* Requirement *
Each line of the data must reappear exactly in your answer, with no images included.

START Data

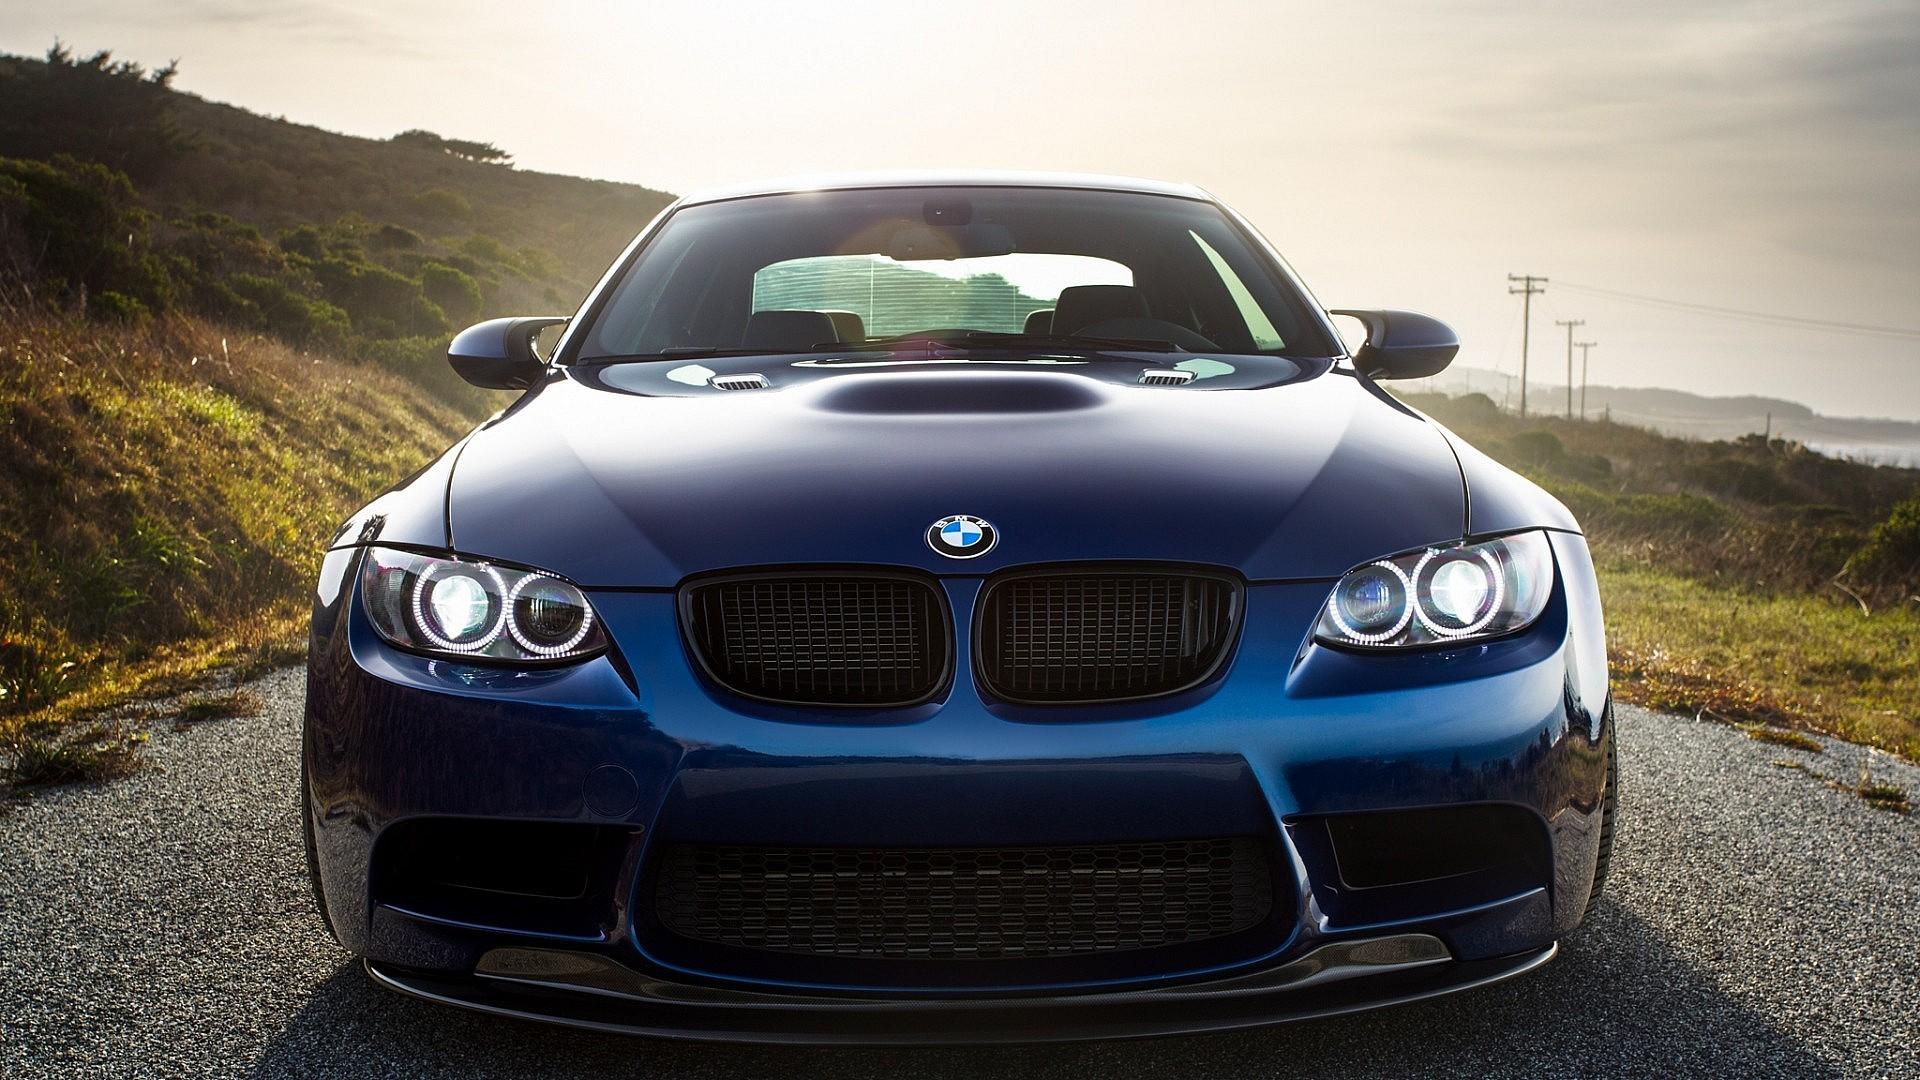 2048x1363 Wallpapers Bmw M3 E46 Black Wheels Coupe
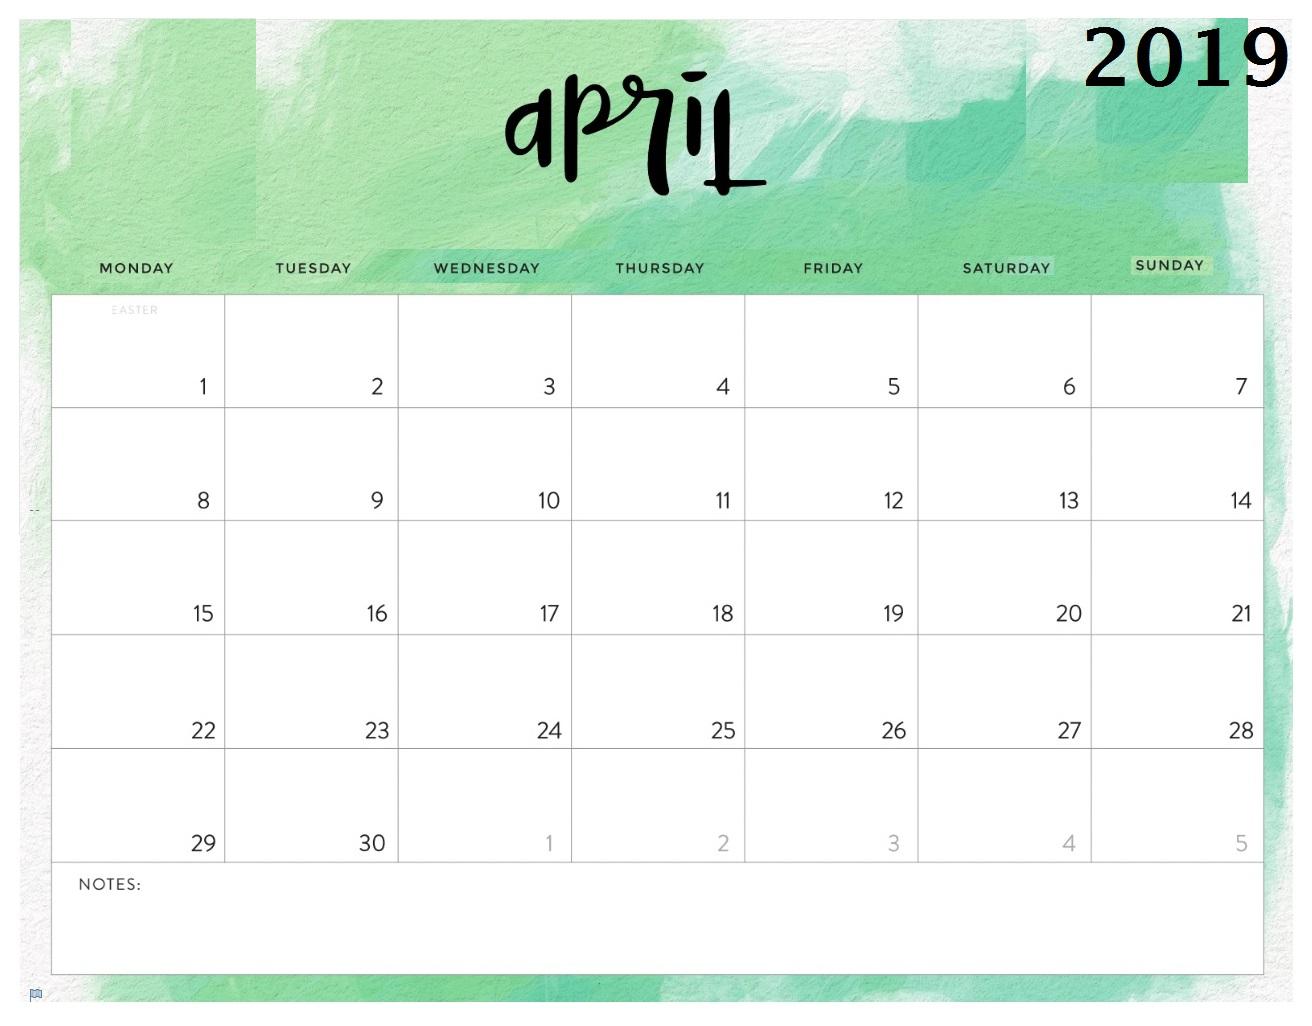 Free April 2019 Calendar To Print
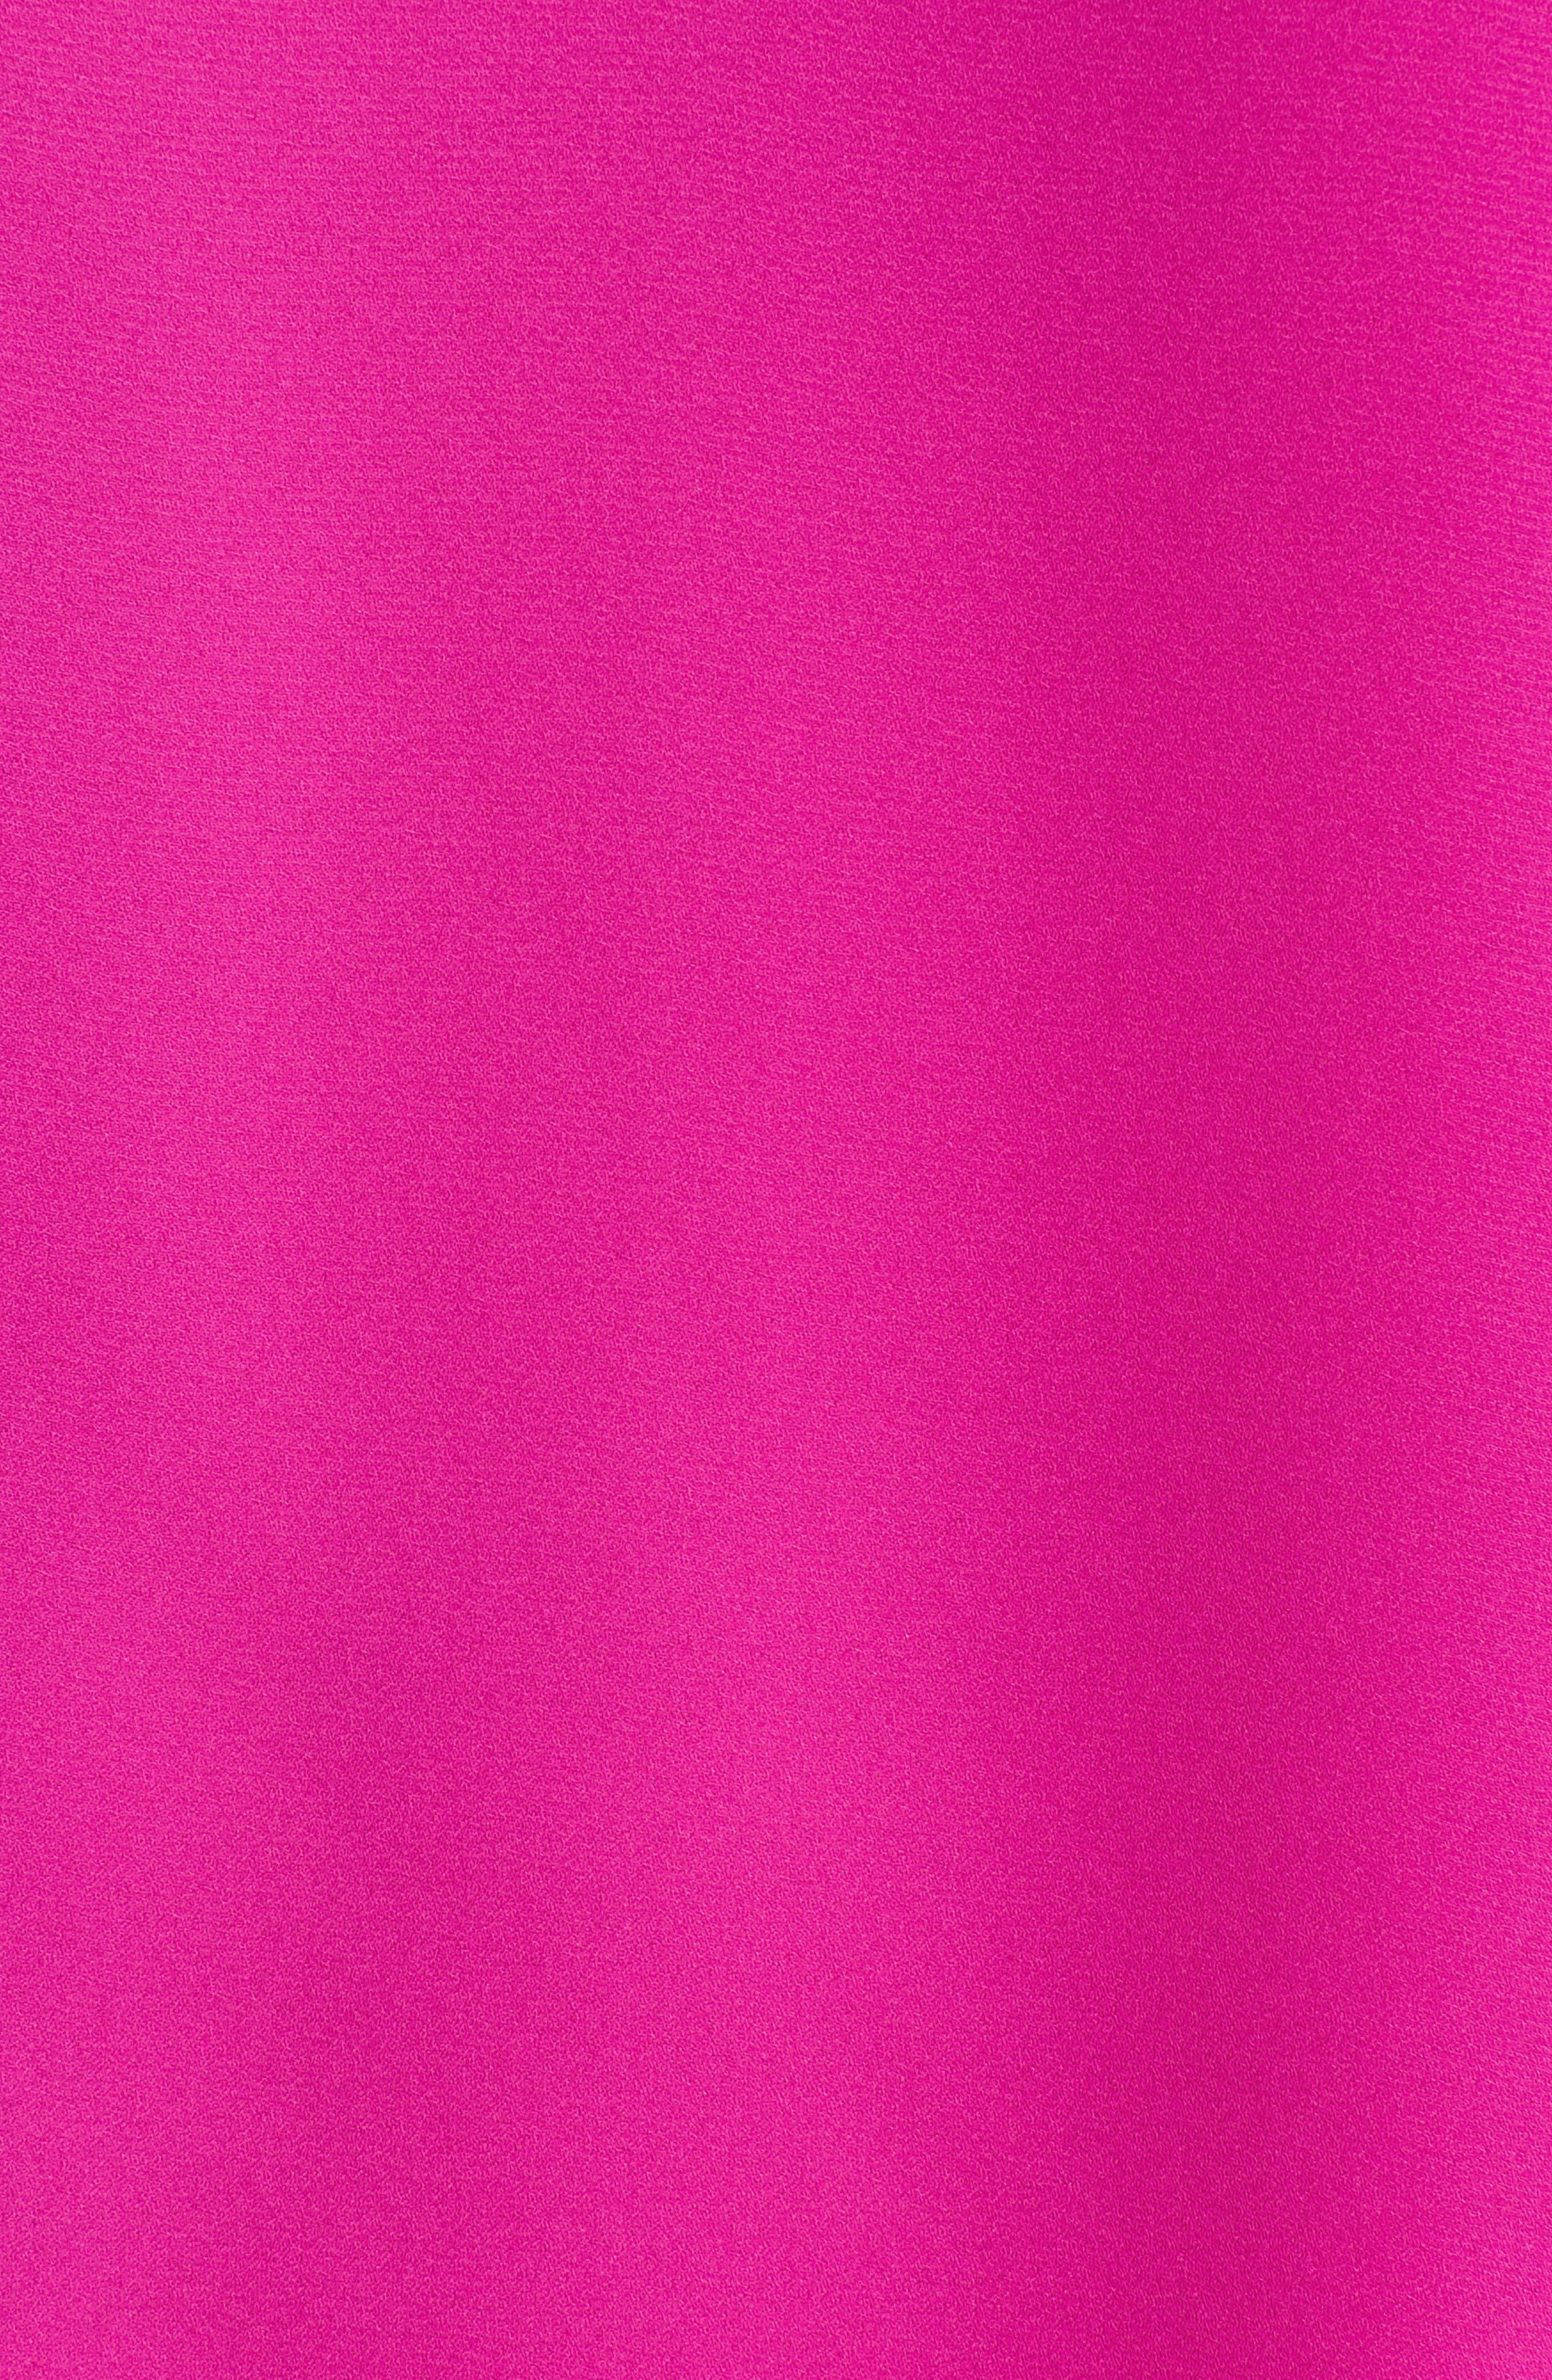 Ruffle Sleeve V-Neck Blouse,                             Alternate thumbnail 5, color,                             686-Pink Nouveau

END Data

* Task answer *
 2048x1363 Wallpapers Bmw M3 E46 Black Wheels Coupe
 Free April 2019 Calendar To Print
 Ruffle Sleeve V-Neck Blouse,                             Alternate thumbnail 5, color,                             686-Pink Nouveau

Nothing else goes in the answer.